PROBLEM DESCRIPTION: In full and word for word, copy the listing; no pictures belong in the copy.

INFORMATION SUPPLIED:

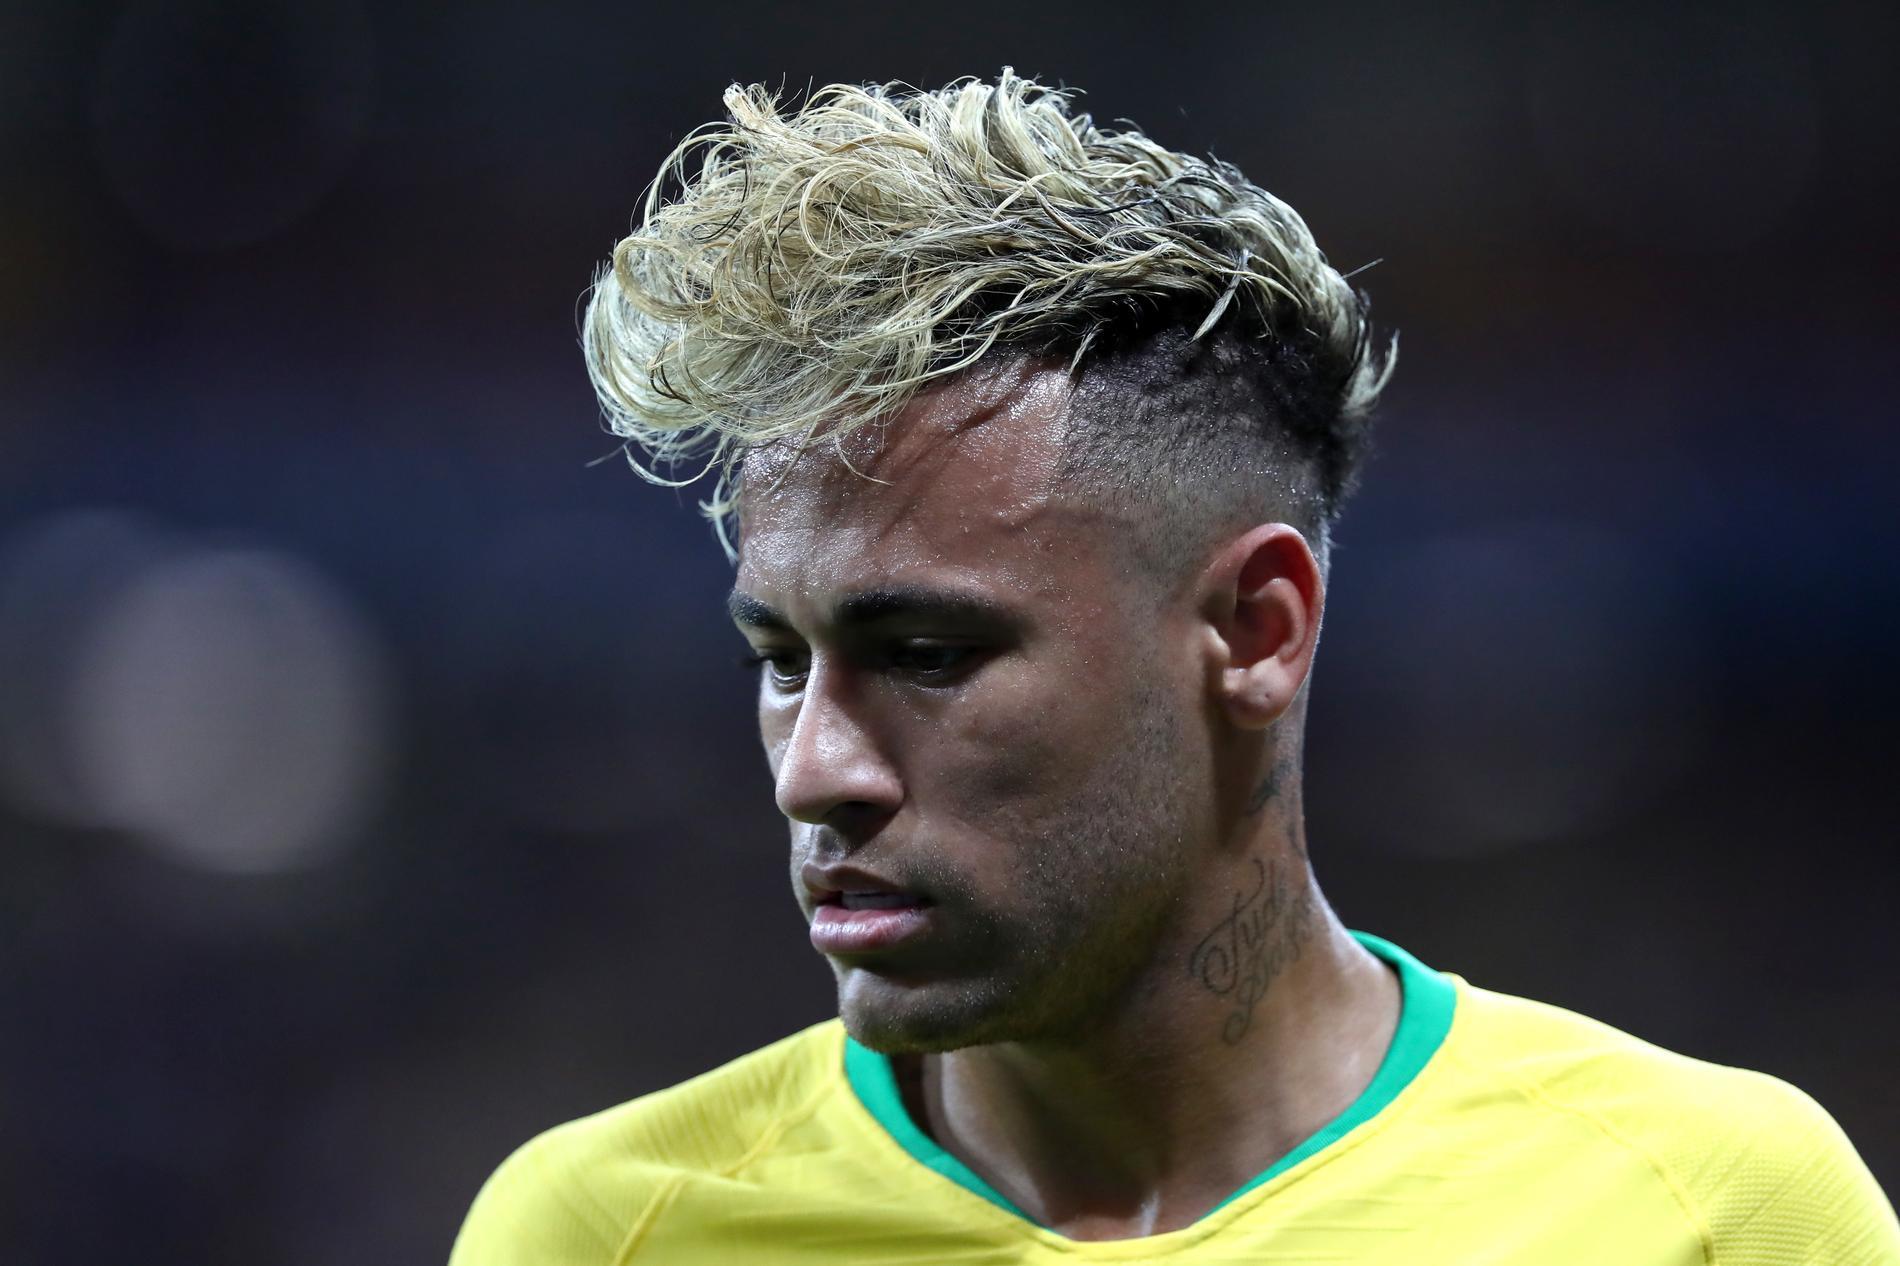 Non Les Coiffures De Neymar Ne Sont Pas Ridicules Madame Figaro
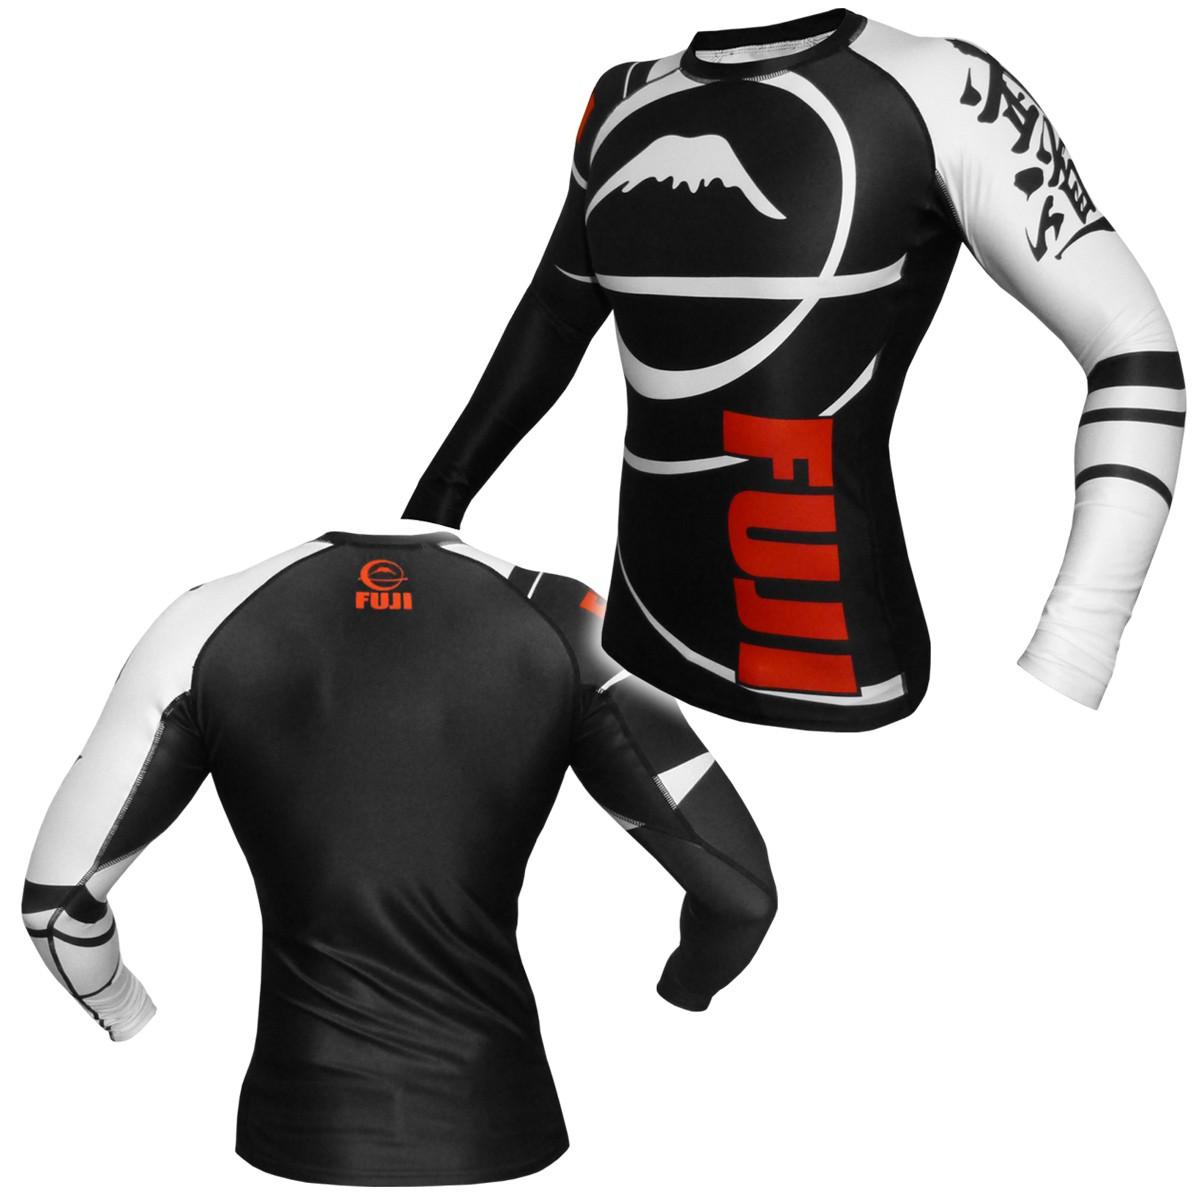 FUJI Sports Freestyle IBJJF Ranked Rashguard Black Long Sleeve
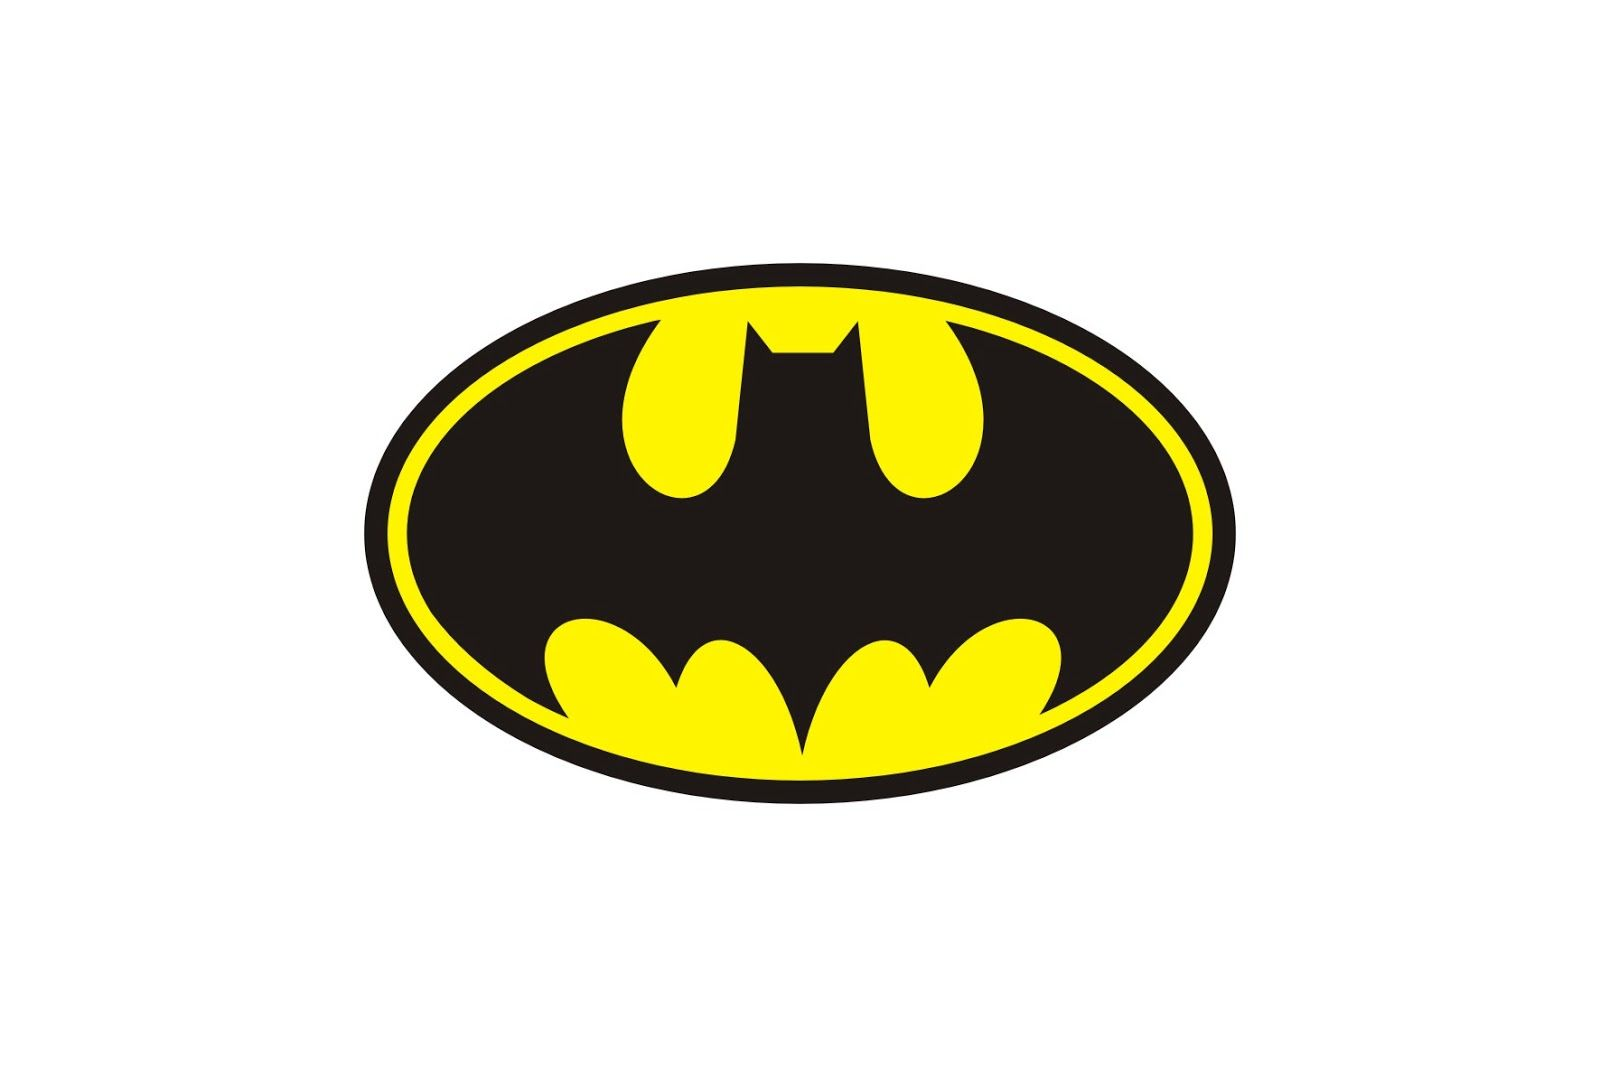 Batman logo clipart template image freeuse library Batman Logo Printable - ClipArt Best | School stuff in 2019 ... image freeuse library
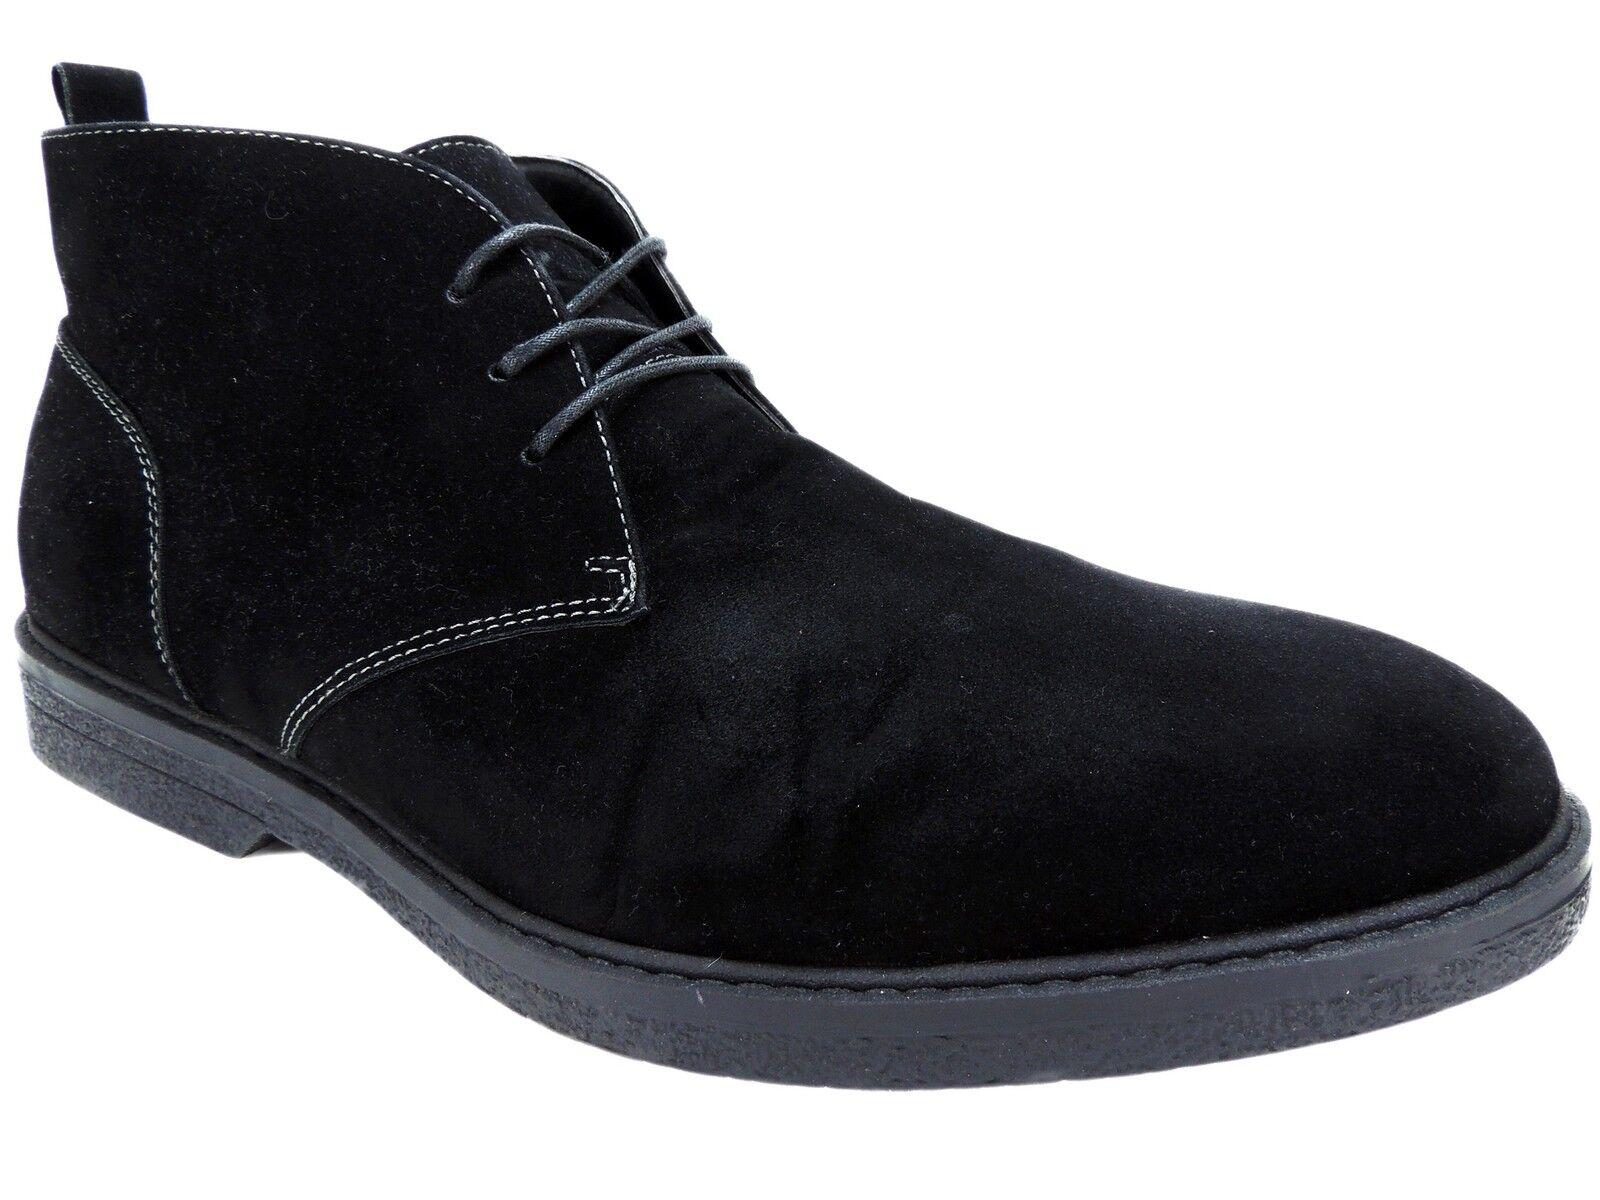 Alfani Men's Tripp Chukka Boots Black PU Suede Size 13 M

OUTPUT BELOW:
 Non Les Coiffures De Neymar Ne Sont Pas Ridicules Madame Figaro
 FUJI Sports Freestyle IBJJF Ranked Rashguard Black Long Sleeve
 Batman logo clipart template image freeuse library Batman Logo Printable - ClipArt Best | School stuff in 2019 ... image freeuse library
 Alfani Men's Tripp Chukka Boots Black PU Suede Size 13 M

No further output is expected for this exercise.